Abstract A029: c-MYC/BCL2 induced replication stress drives dependence on POLQ-mediated microhomology-mediated end joining in aggressive large B-cell lymphoma
Cecilia Ayala-Zambrano, Dongni Yi, Michelle Manske, Kimberly Gwin, Richar Kandasamy, Surendra Dasari, Anne Novak, Shuhei Asada, Xiaosheng Wu, Zhenkun Lou, Thomas Witzig, Jithma AbeykoonAbstract
Introduction:
Large B-cell lymphoma (LBCL) harboring chromosomal rearrangements (double-hit, DH) or coexpression of MYC and BCL2 (double-expressor, DE) represents biologically aggressive subgroups with inferior clinical outcomes. Oncogene-driven DNA replication stress (ODRS) is a hallmark of MYC and BCL2 dysregulation; however, the DNA damage response (DDR) pathways that sustain replication and cell survival under ODRS remain incompletely defined in DLBCL. Identifying DDR dependencies induced by ODRS may reveal therapeutically actionable vulnerabilities in DH/DE-LBCL.
Methods:
We studied DH/DE-LBCL cell lines (OCILY1, SUDHL2, DOHH2), non-DH/DE-LBCL cell lines (HT, KARPAS422, HBL1), and benign retinal pigment epithelial (RPE) cells engineered to overexpress MYC and/or BCL2. ODRS and DNA damage were assessed by phosphorylation of RPA (S4/S8, S33) and H2AX histone (γH2AX), respectively, using immunofluorescence, immunohistochemistry, and western blot (WB). Activity of homologous recombination (HR), nonhomologous end-joining (NHEJ), and microhomology-mediated end joining (MMEJ) pathways were quantified with established reporter assays. POLΘ (gene: POLQ) expression, an MMEJ marker, was evaluated by qPCR and WB. DDR activity was assessed using genomic signatures from whole-exome sequencing data of 404 LBCL patients. In vitro sensitivity of LBCL cells to POLΘ and PARP inhibitors was assessed with publicly available small-molecule inhibitors using CellTiterGlo and clonogenic assays, and therapeutic efficacy was validated in a DH-LBCL xenograft model in NRG mice.
Results:
DH/DE-LBCL cells and primary tumors exhibited increased ODRS and persistent DNA damage compared with non-DH/DE-LBCL models, including accumulation of γH2AX in mitosis. Functional profiling revealed selective upregulation of MMEJ in MYC/BCL2-overexpressing cells, with minimal changes in HR or NHEJ activity. POLQ expression was significantly increased in DH/DE-LBCL cell lines and primary samples, and the ID6 signature (associated with MMEJ activity) was significantly enriched in DH-LBCL tumors compared to non-DH/DE-LBCL tumors. POLΘ inhibition demonstrated greater toxicity in DH/DE-LBCL and in MYC-overexpressing RPE cells compared to non-DH/DE-LBCL and wild-type RPEs. Combined inhibition of POLΘ and PARP resulted in marked synergy in vitro. The therapeutic efficacy of POLΘ inhibition, with the synthetic lethality of concurrent PARP inhibition, was validated in the DH-LBCL xenograft model.

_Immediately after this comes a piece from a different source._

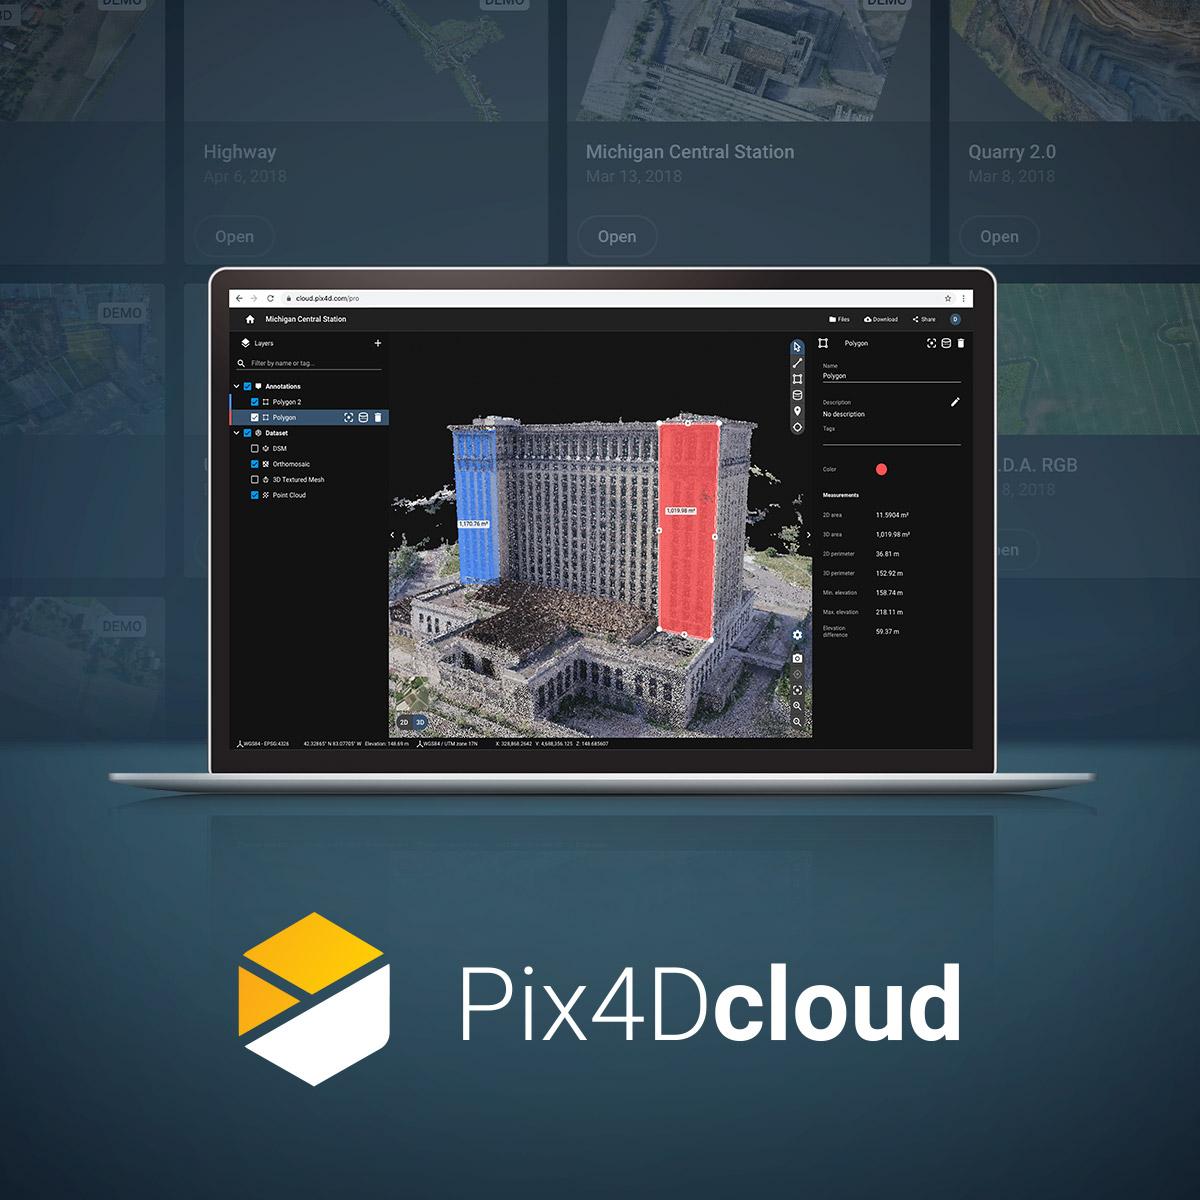 Pix4Dがスタンドアロンのフォトグラメトリー(SfM)クラウド処理ソリューションをリリース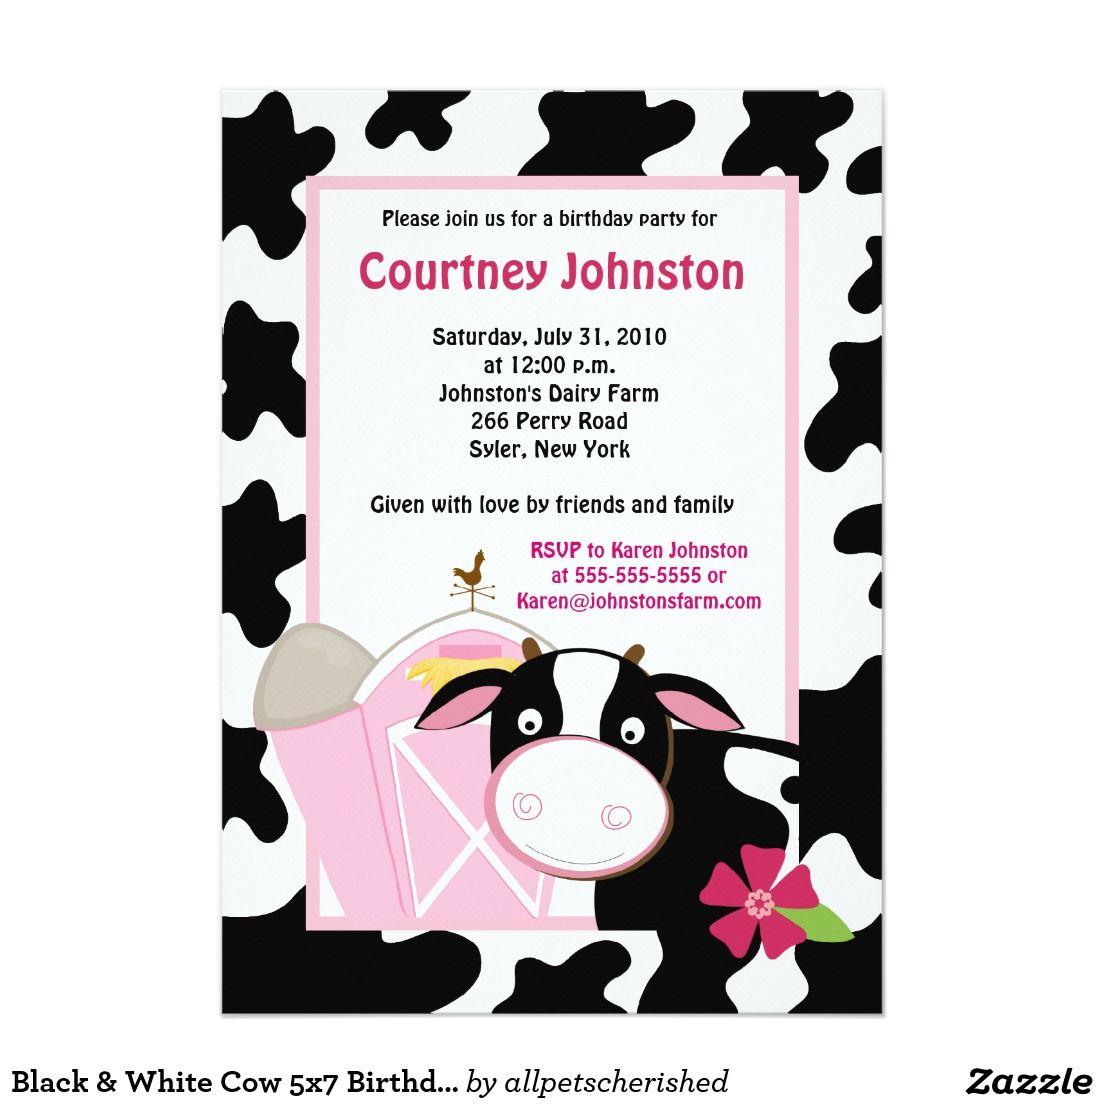 Black & White Cow 5x7 Birthday Invitation | Cow, Birthdays and Black

Concurrent POLΘ and PARP inhibition with small-molecule inhibitors induced an antitumor effect in vivo, with increased overall survival in mice compared with vehicle- or olaparib-single-agent-treated groups.
Conclusions:
ODRS in DH/DE-LBCL creates a selective dependence on MMEJ mediated by POLΘ. Therapeutic targeting of POLΘ, alone or in combination with PARP inhibition, exploits this vulnerability and represents a promising strategy for this high-risk LBCL subset. These findings provide a biological rationale for clinical translation of POLΘ-directed therapies in DH/DE-LBCL.
Citation Format:
Cecilia Ayala-Zambrano, Dongni Yi, Michelle Manske, Kimberly Gwin, Richar Kandasamy, Surendra Dasari, Anne Novak, Shuhei Asada, Xiaosheng Wu, Zhenkun Lou, Thomas Witzig, Jithma Abeykoon. c-MYC/BCL2 induced replication stress drives dependence on POLQ-mediated microhomology-mediated end joining in aggressive large B-cell lymphoma [abstract]. In: Proceedings of the Fifth AACR International Meeting on Advances in Malignant Lymphoma: From Discovery to Clinical Impact; 2026 Jun 24-27; Philadelphia, PA. Philadelphia (PA): AACR; Blood Cancer Discov 2026;7(3_Suppl):Abstract nr A029.